Search code examples
databasetaxonomyphyloseqqiime

How to add and specify additional ranks to phyloseq taxonomy?


Is it possible to specify the number and names of taxonomic ranks when reading in data to a phyloseq object? When creating a phyloseq object from qiime output, e.g.,

ps=qza_to_phyloseq(features="features.qza", taxonomy="taxonomy.qza", metadata="metadata.qza")

the object defaults to 7 taxonomic levels, i.e., Kingdom, Phylum, Class, Order, Family, Genus, and Species.

I am using the PR2 database which is currently utilizing 9 taxonomic levels, i.e, Domain (replacing Kingdom), Supergroup, Division, Subdivision (new taxonomic rank added), Class, Order, Family, Genus, and Species. (See here for details: https://pr2-database.org/documentation/pr2-taxonomy-9-levels/). This means that the taxonomy does not match the grouping, i.e., Kingdom is actually a Domain, and the genus and species are missing entirely.

Phyloseq is a bit of a black box to me, so I am not sure where I can override the default. Any help would be greatly appreciated.


Solution

  • I figured out where this step is occurring parse_taxonomyis a function of qiime2R that hard codes the 7 taxonomic levels we all learned in grade school.

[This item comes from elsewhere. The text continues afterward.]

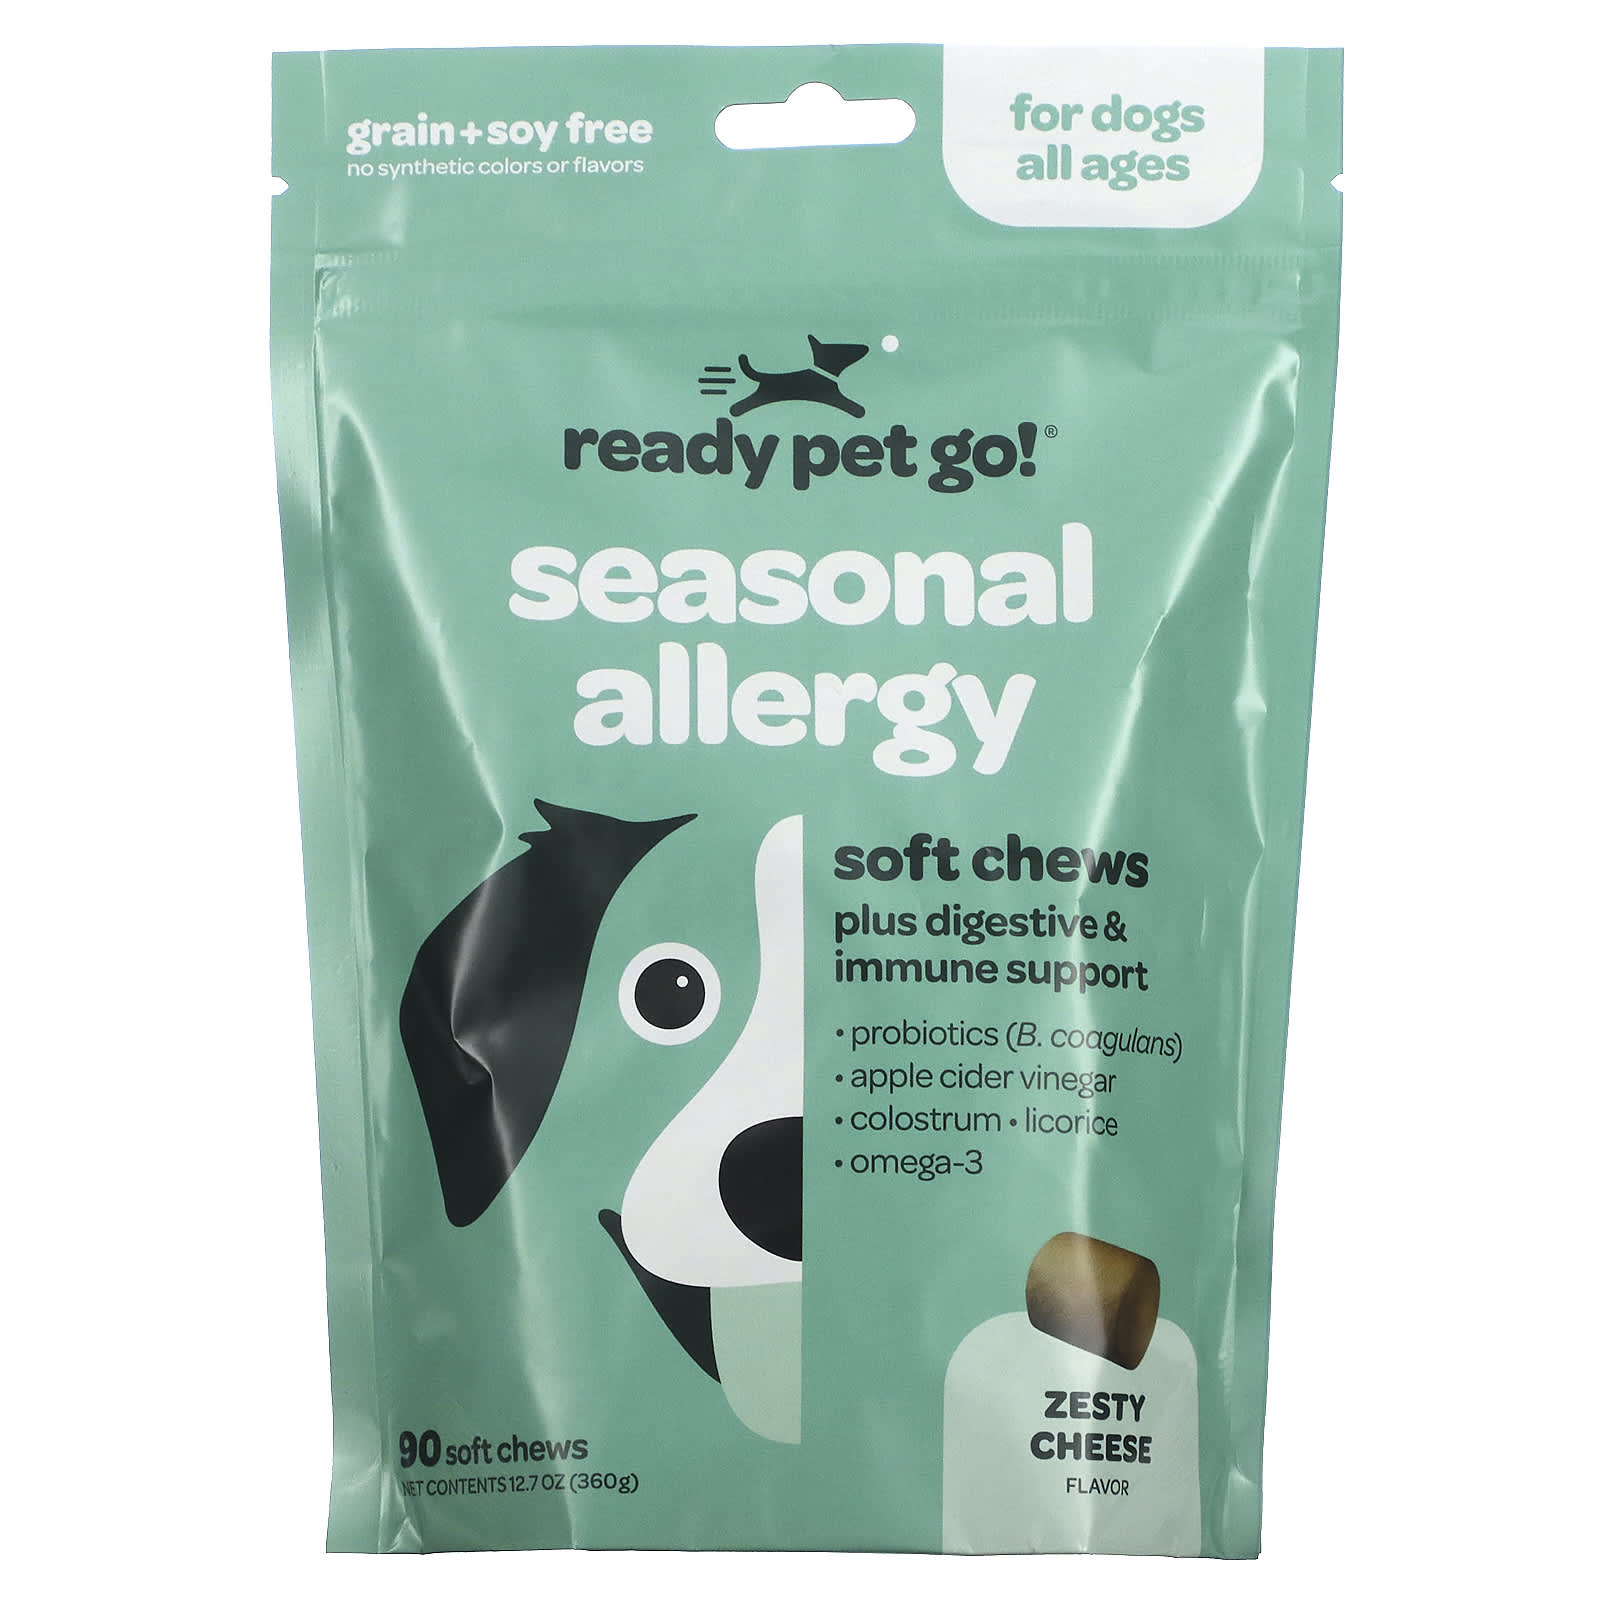 Жевательные Таблетки для Собак Ready Pet Go для борьбы с аллергией и иммунитетом, с сыром, 90 жевательных таблеток

    Simply edit the function and save it. For The current 9-level PR2 database, your code will look like this:

    trace("parse_taxonomy", edit=TRUE)
    
    function (taxonomy, tax_sep, trim_extra) 
    {
        if (missing(taxonomy)) {
            stop("Taxonomy Table not supplied.")
        }
        if (missing(trim_extra)) {
            trim_extra = TRUE
        }
        if (missing(tax_sep)) {
            tax_sep = "; |;"
        }
        if (sum(colnames(taxonomy) %in% c("Feature.ID", "Taxon")) != 
            2) {
            stop("Table does not match expected format. ie does not have columns Feature.ID and Taxon.")
        }
        taxonomy <- taxonomy[, c("Feature.ID", "Taxon")]
        if (trim_extra) {
            taxonomy$Taxon <- gsub("[kpcofgs]__", "", taxonomy$Taxon)
            taxonomy$Taxon <- gsub("D_\\d__", "", taxonomy$Taxon)
        }
        taxonomy <- suppressWarnings(taxonomy %>% separate(Taxon, 
            c("Domain", "Supergroup", "Division", "Subdivision", 
                "Class", "Order", "Family", "Genus", "Species"), 
            sep = tax_sep))
        taxonomy <- apply(taxonomy, 2, function(x) if_else(x == "", 
            NA_character_, x))
        taxonomy <- as.data.frame(taxonomy)
        rownames(taxonomy) <- taxonomy$Feature.ID
        taxonomy$Feature.ID <- NULL
        return(taxonomy)
    }
    

    Save and close! Note that this will not permanently change the function, only in your current session.